**Activity**
Look below for the line with "azurblau/weiß uhlsport PERFORMANCE", then repeat it and all lines after it, exactly, minus any pictures.

**Dataset excerpt**
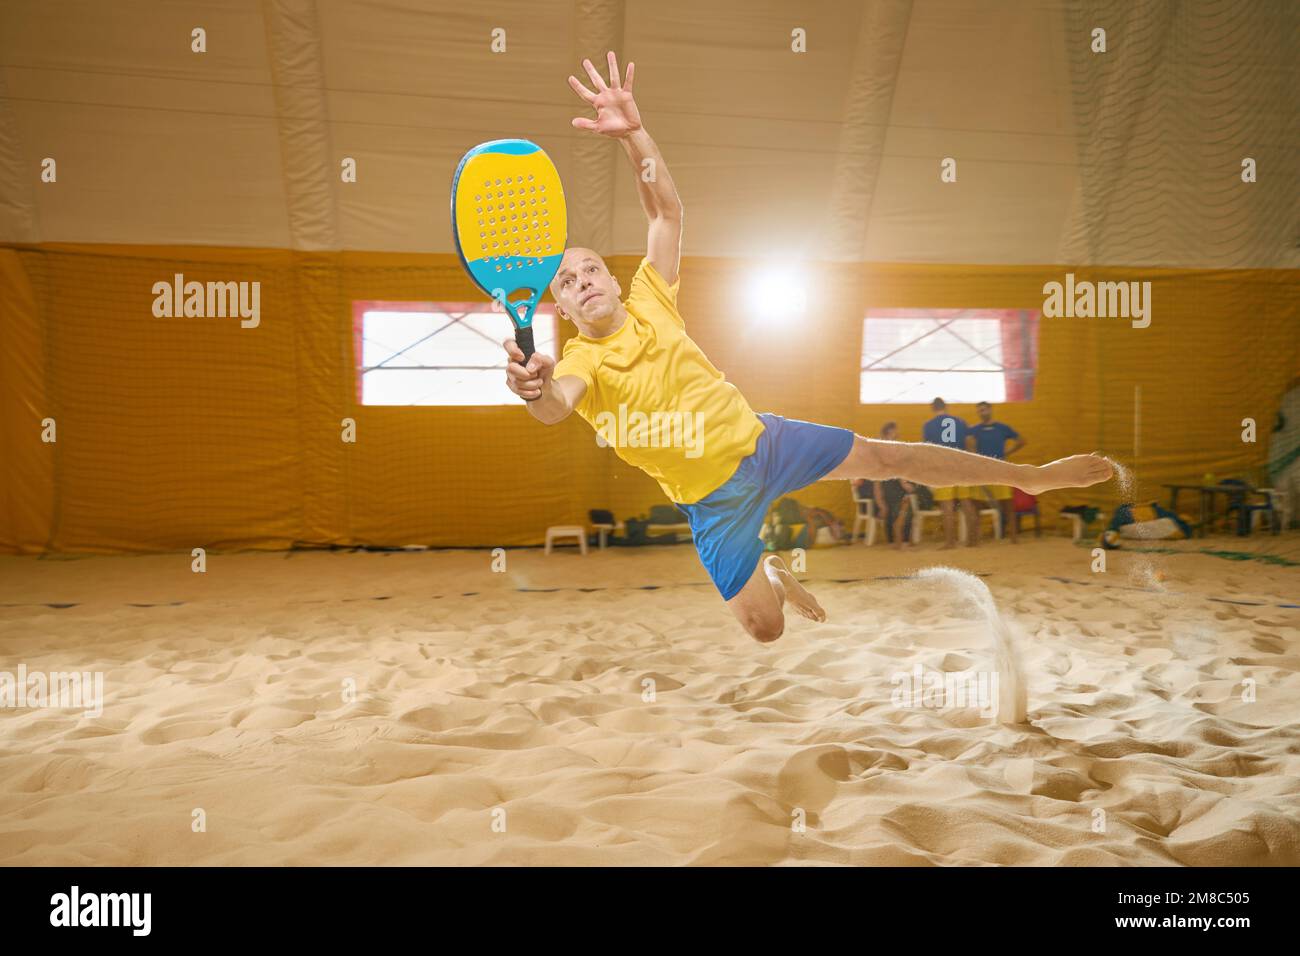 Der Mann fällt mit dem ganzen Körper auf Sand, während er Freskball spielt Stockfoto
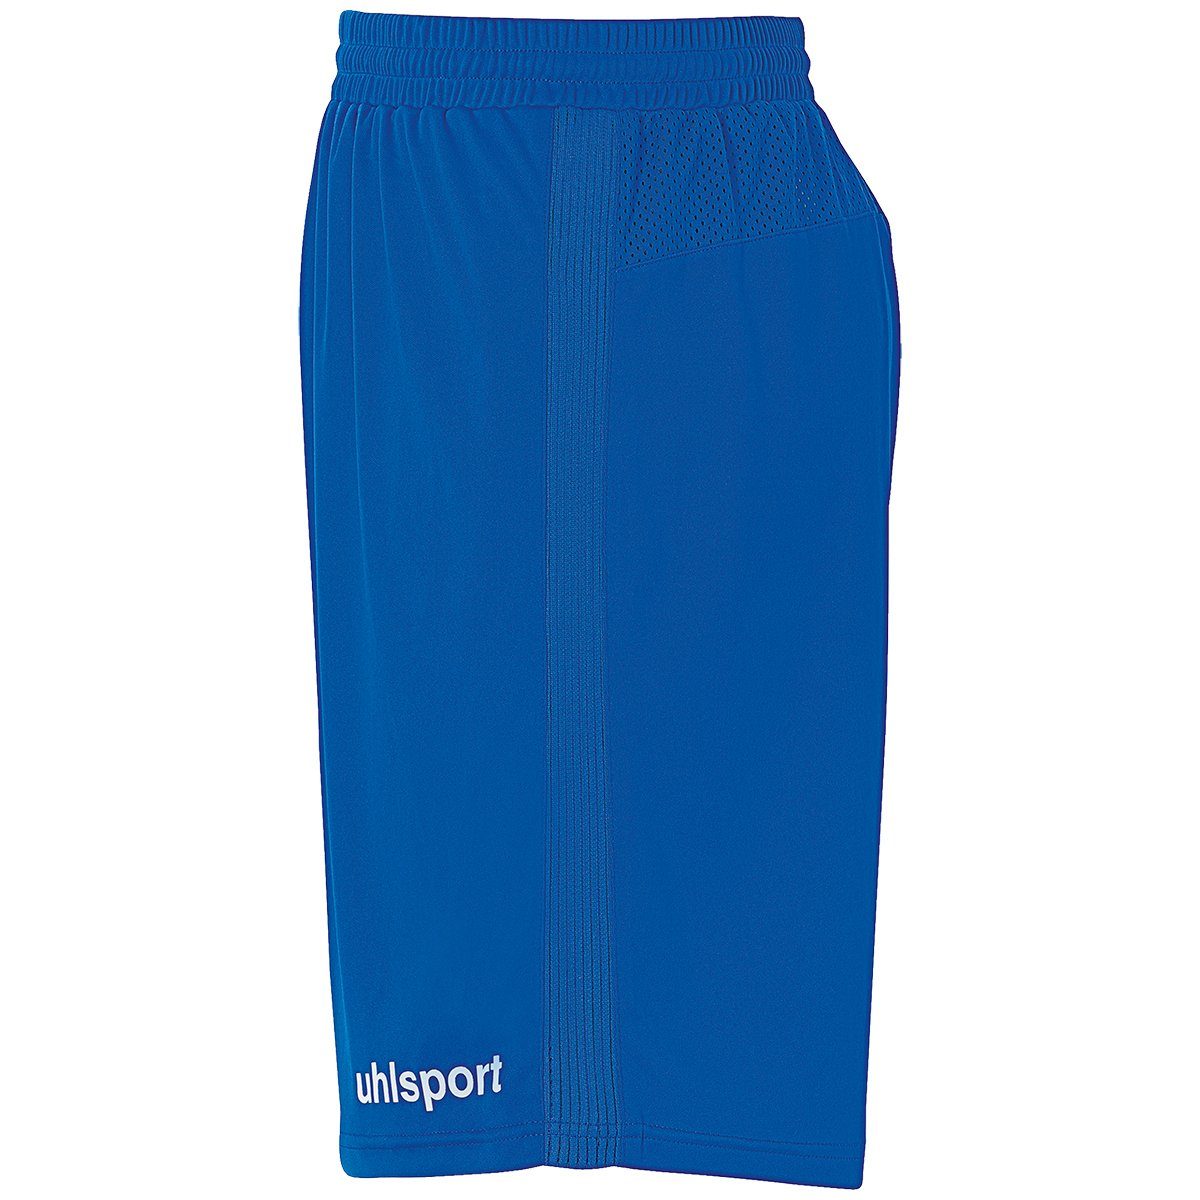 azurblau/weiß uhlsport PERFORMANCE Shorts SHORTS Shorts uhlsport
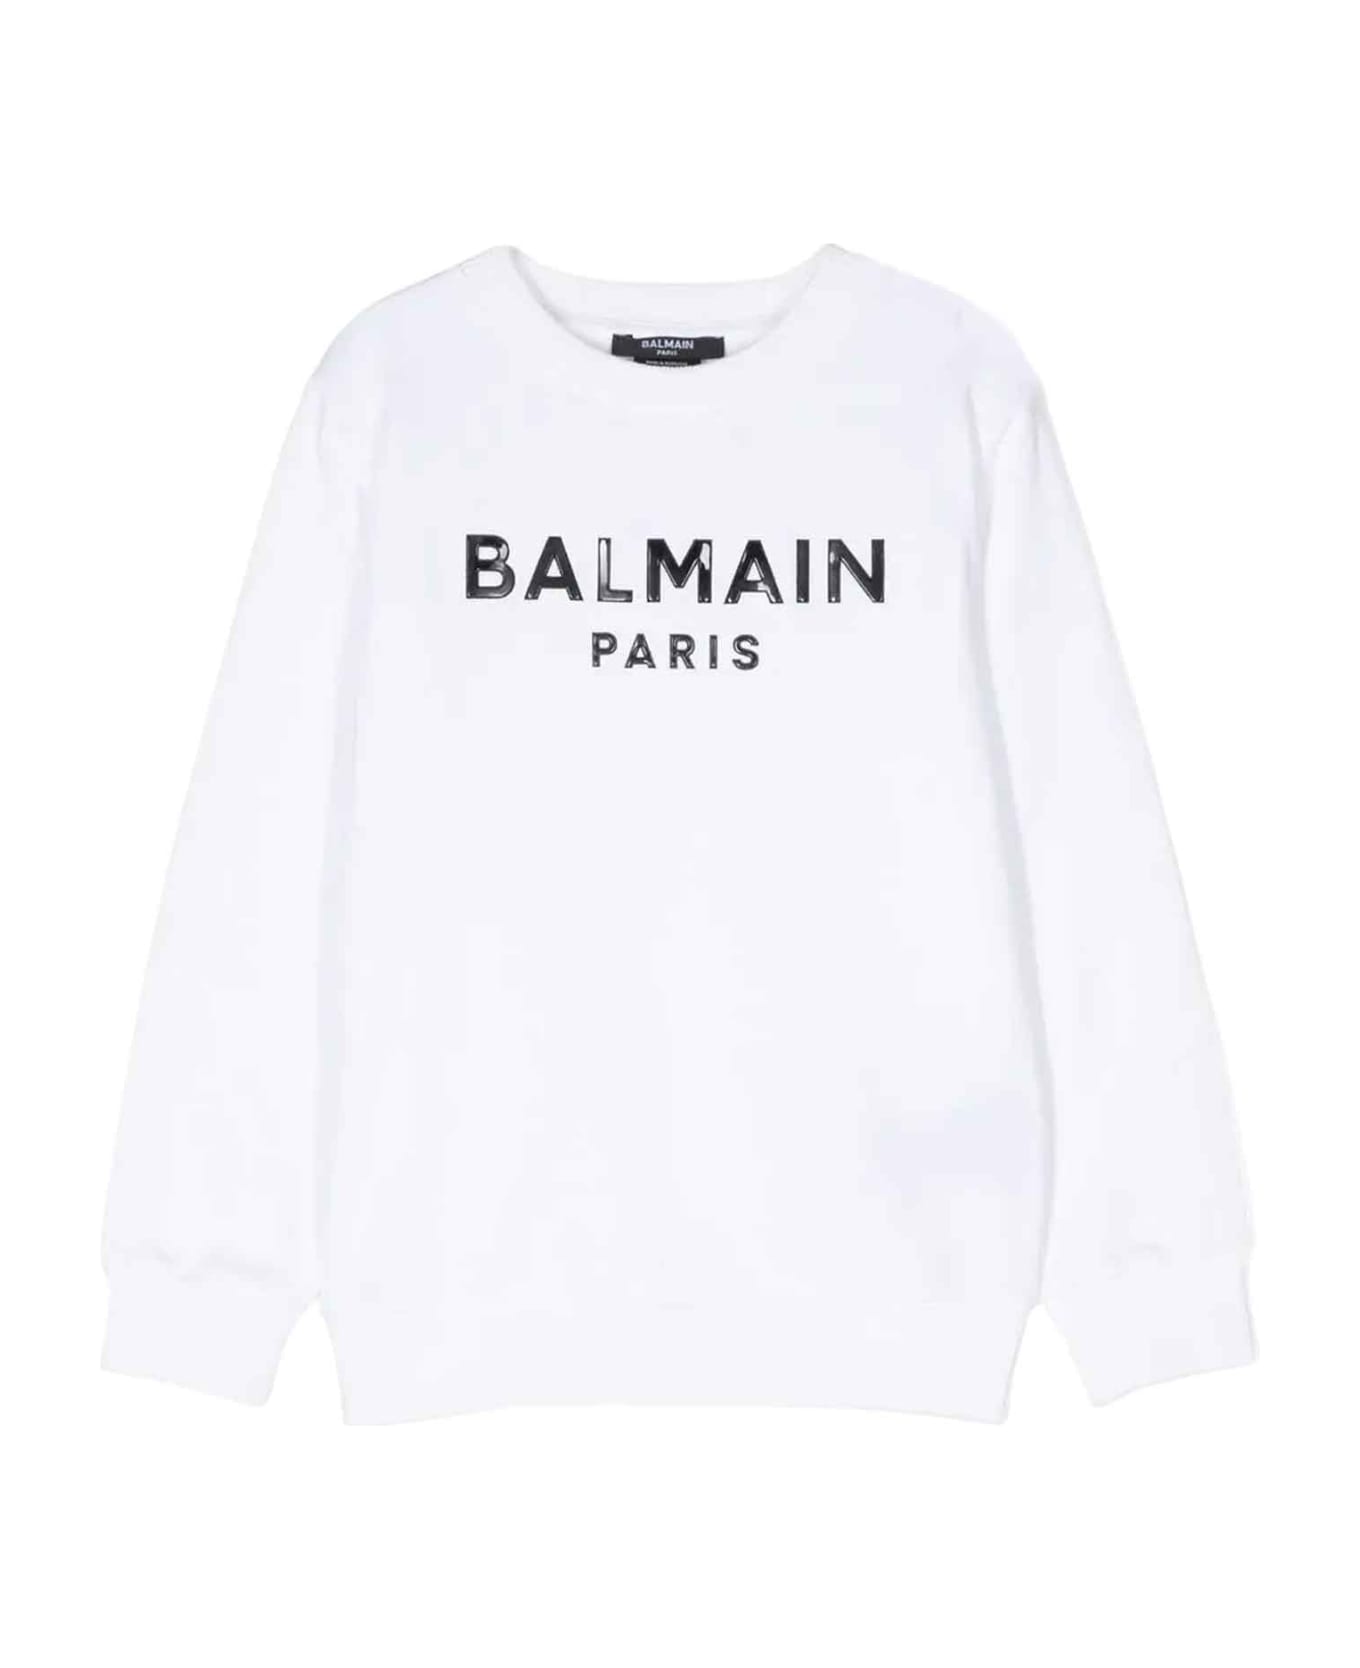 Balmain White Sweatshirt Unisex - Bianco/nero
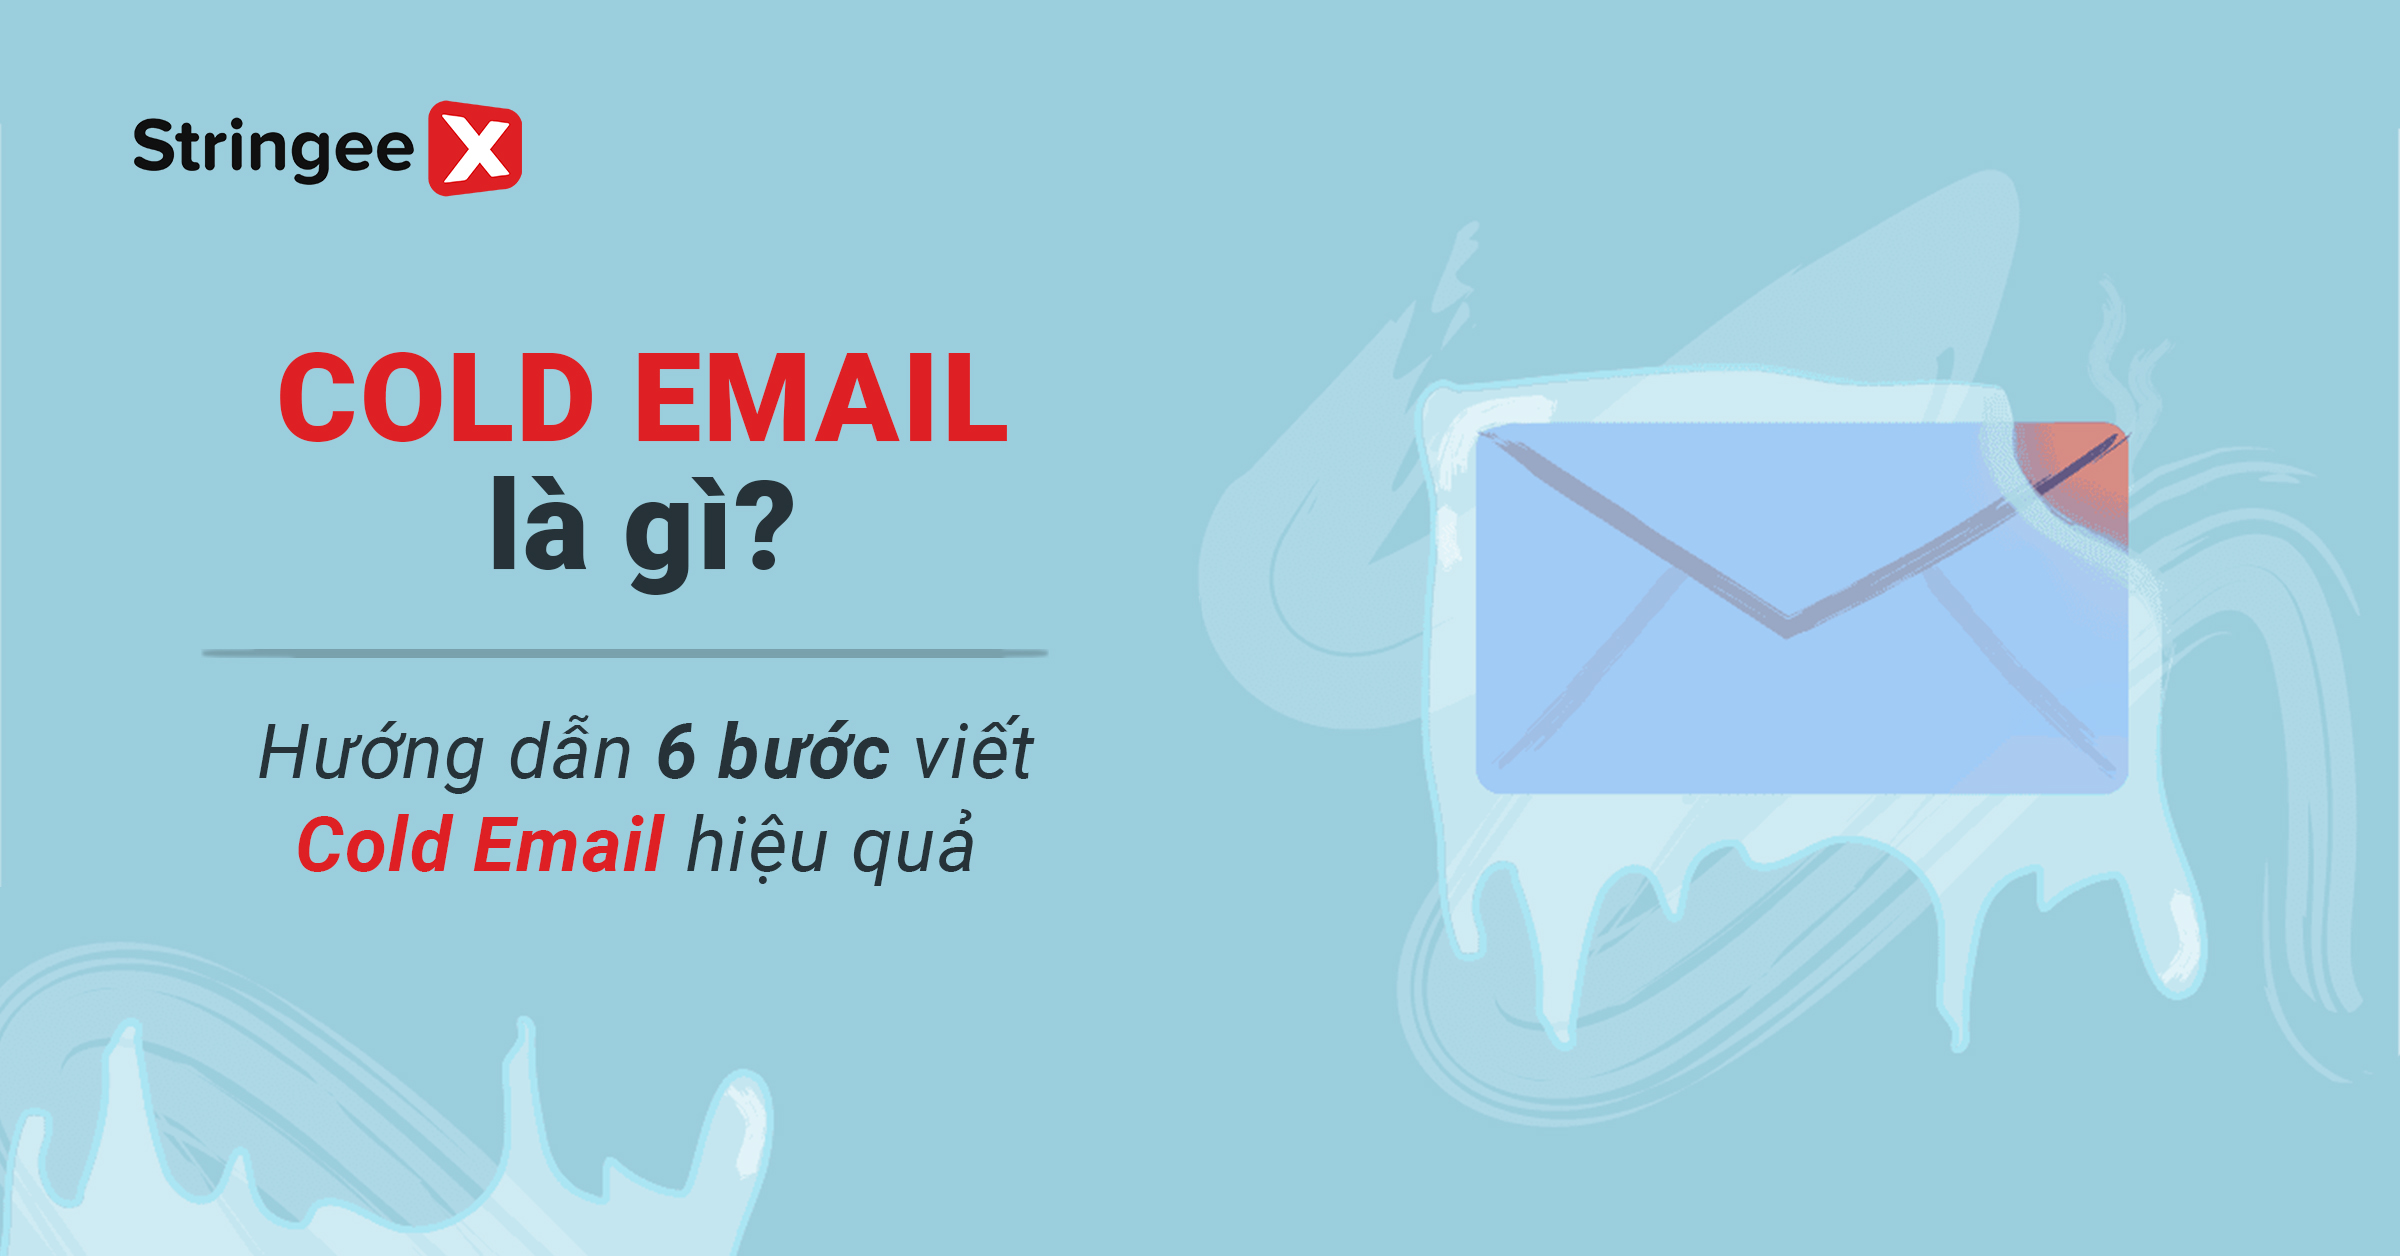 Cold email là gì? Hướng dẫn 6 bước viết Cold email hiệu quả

**Task answer**
 azurblau/weiß uhlsport PERFORMANCE Shorts SHORTS Shorts uhlsport
 Balmain White Sweatshirt Unisex - Bianco/nero
 Cold email là gì? Hướng dẫn 6 bước viết Cold email hiệu quả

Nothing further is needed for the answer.